- [Instructions for the task]:
Leave out the pictures and restate exactly, and only, the lines from the one that contains "Minimaler CO2 footprint" through the final line of the material below.

- [Dataset excerpt]:
++++++++++++++++++++
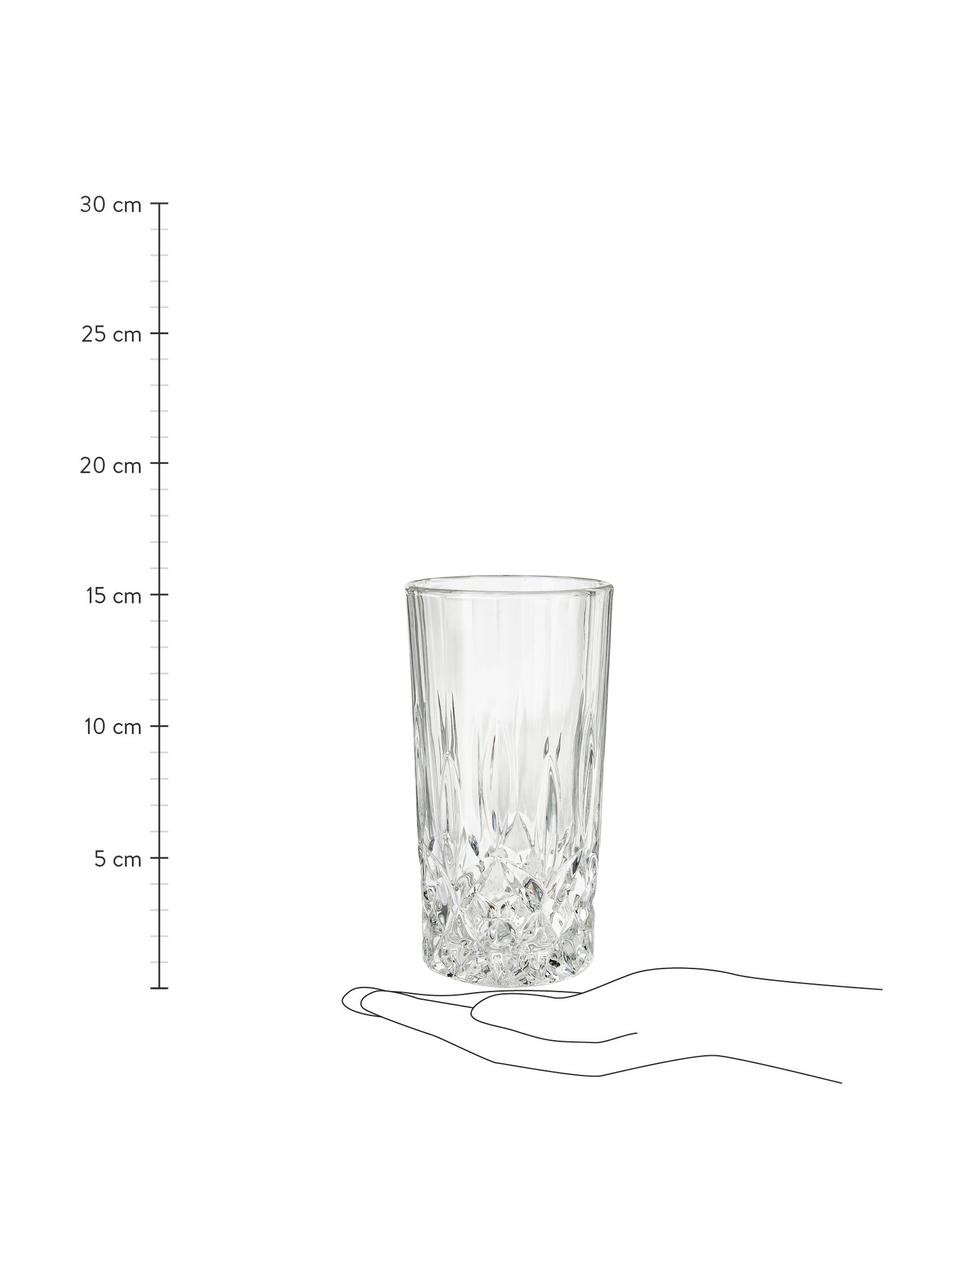 Longdrinkgläser George mit Kristallrelief, 4 Stück, Glas, Transparent, Ø 8 x H 15 cm, 380 ml
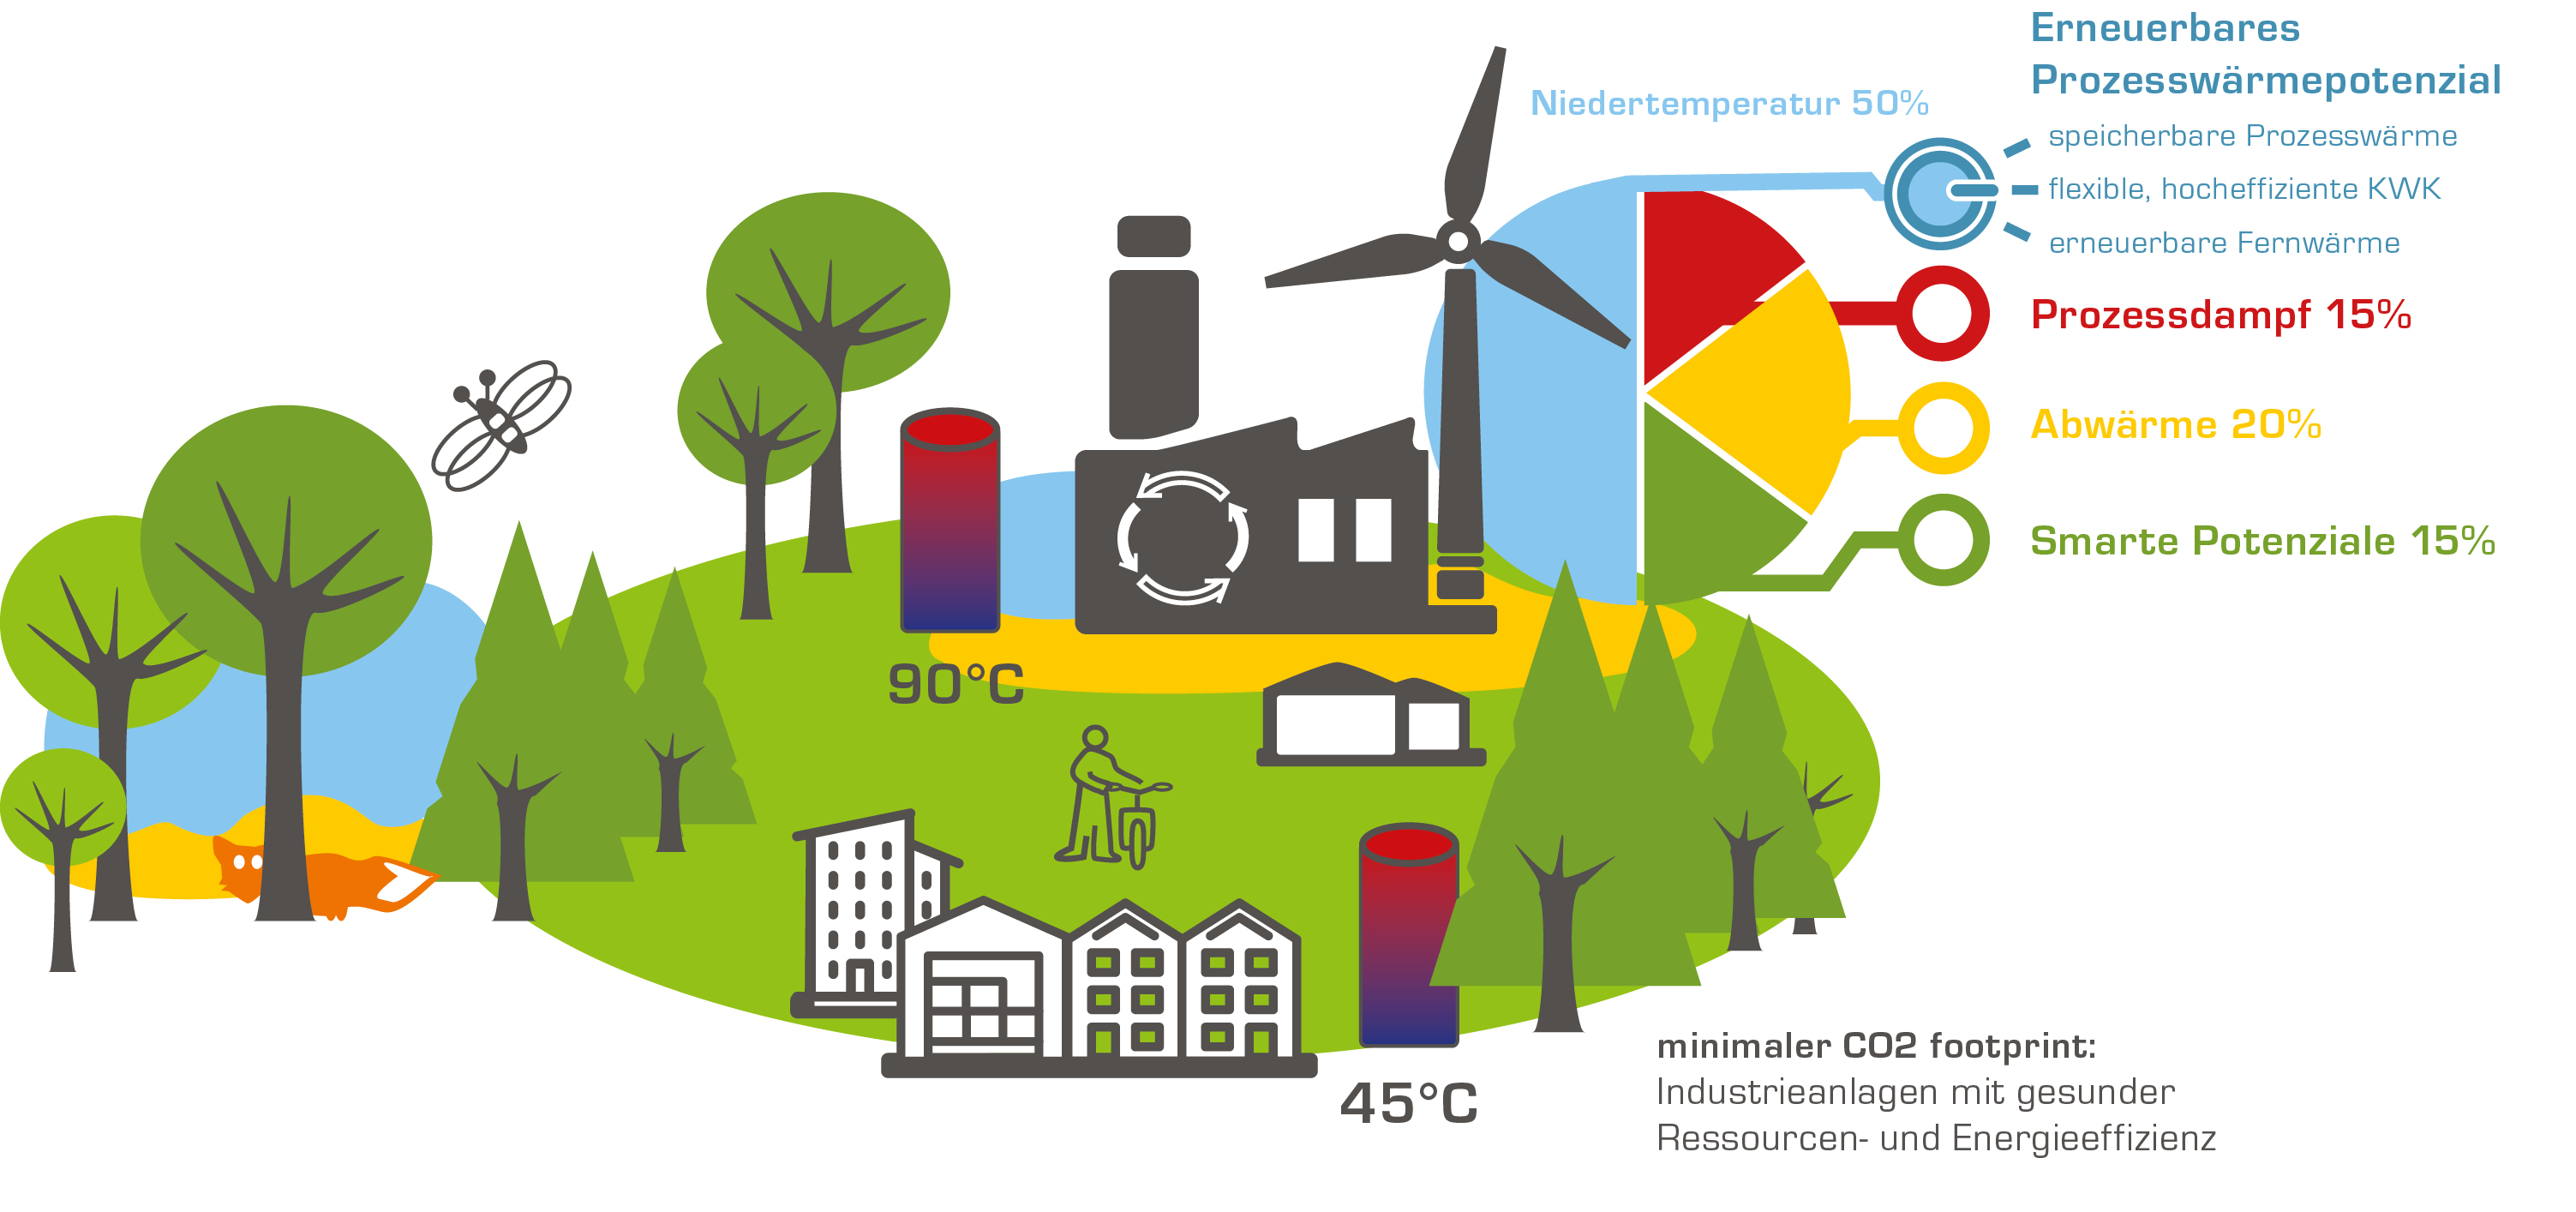 Minimaler CO2 footprint in Greenfield: Industrieanlagen mit gesunder Ressourcen- und Energieeffizienz
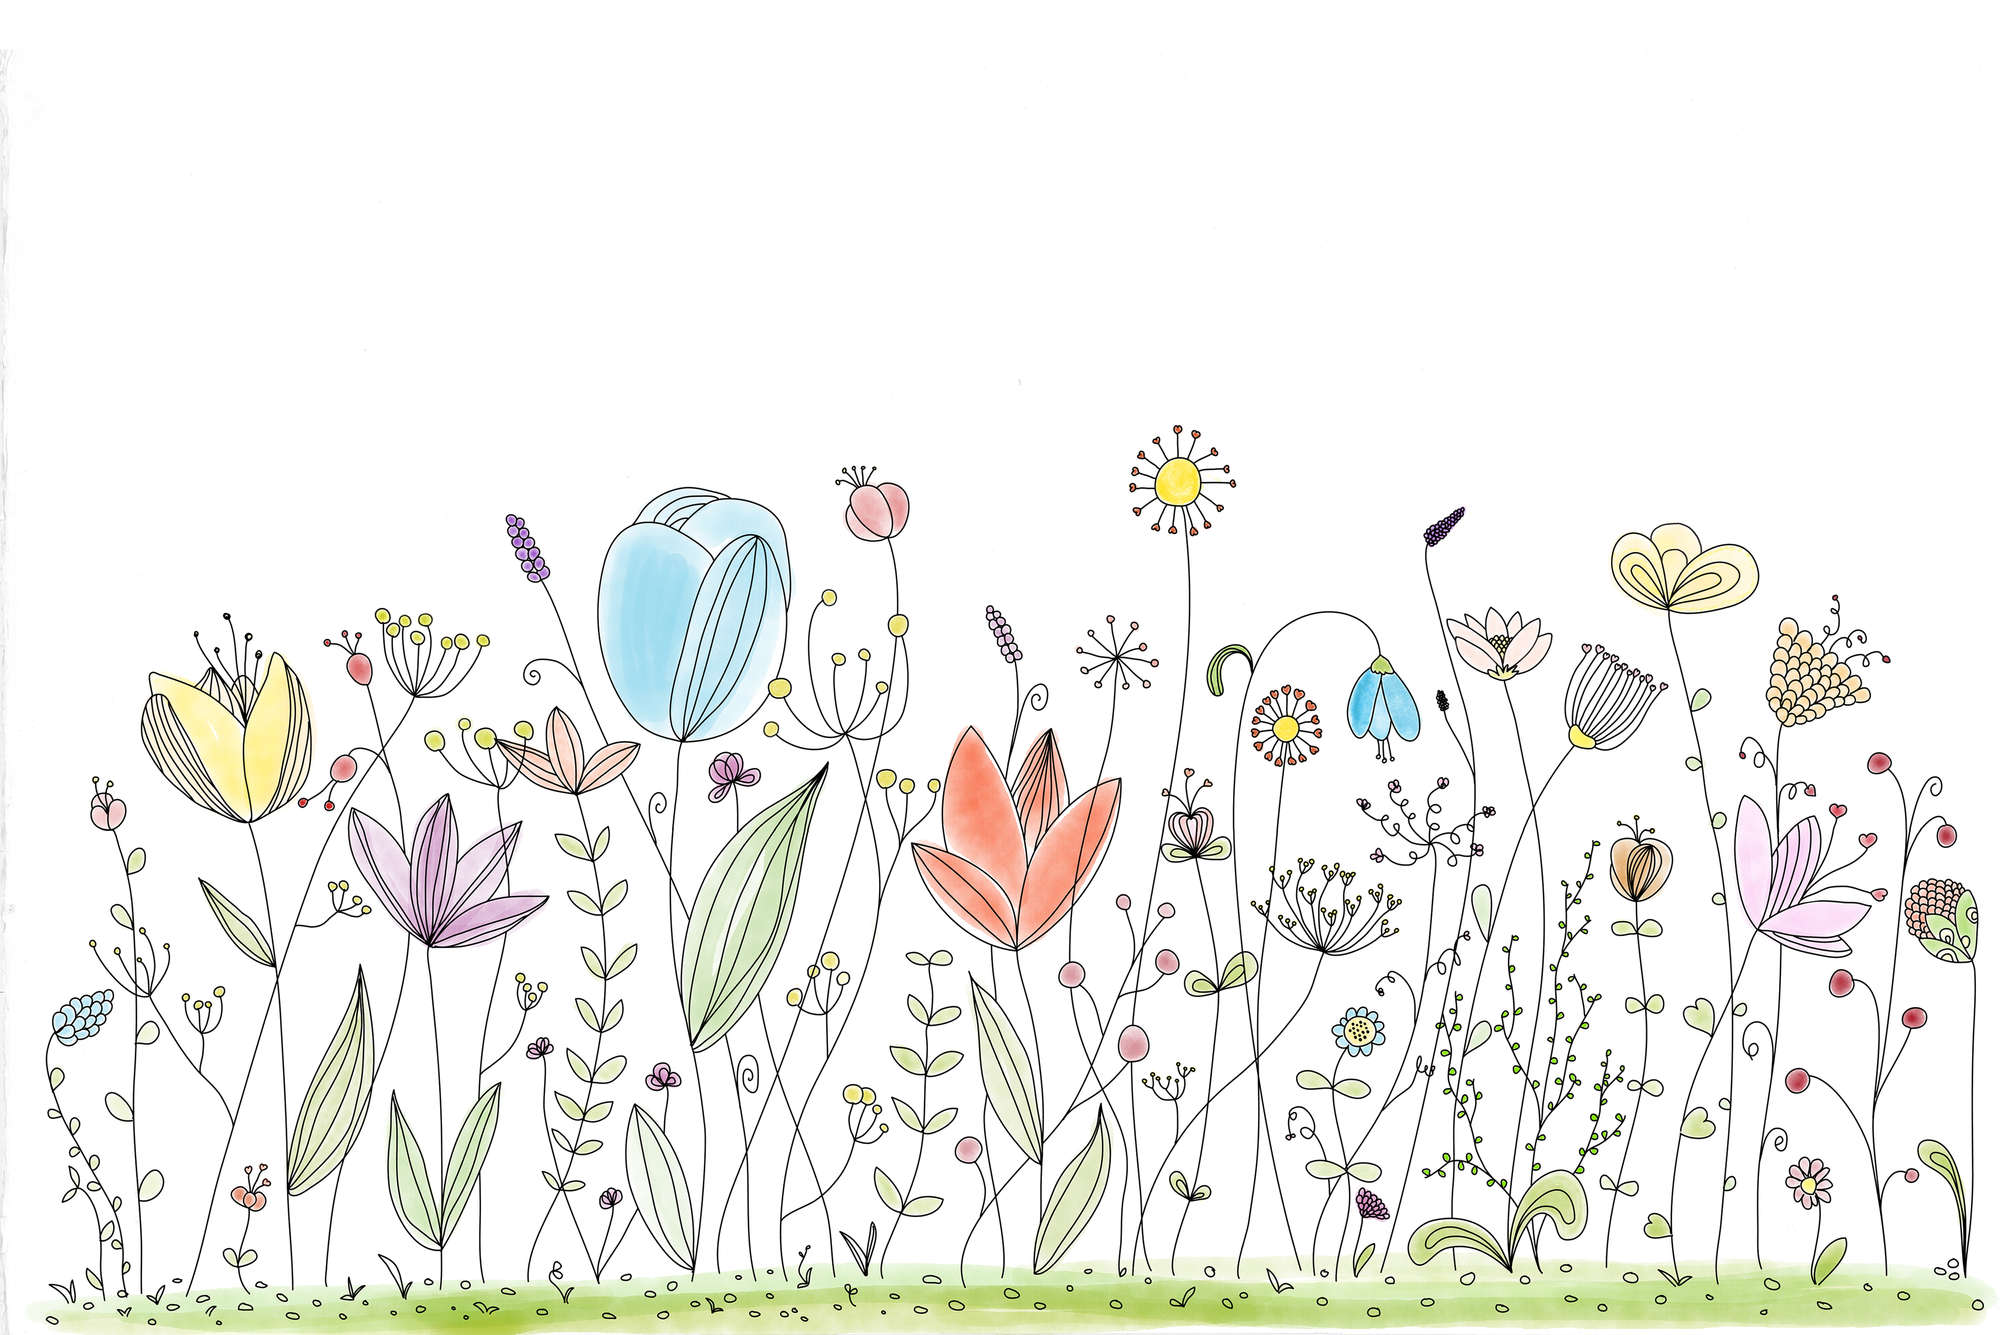             Fotomurali per bambini con fiori colorati disegnati su vello liscio opaco
++++++++++++++++++++
- [Result of the task]:
 Minimaler CO2 footprint in Greenfield: Industrieanlagen mit gesunder Ressourcen- und Energieeffizienz
             Fotomurali per bambini con fiori colorati disegnati su vello liscio opaco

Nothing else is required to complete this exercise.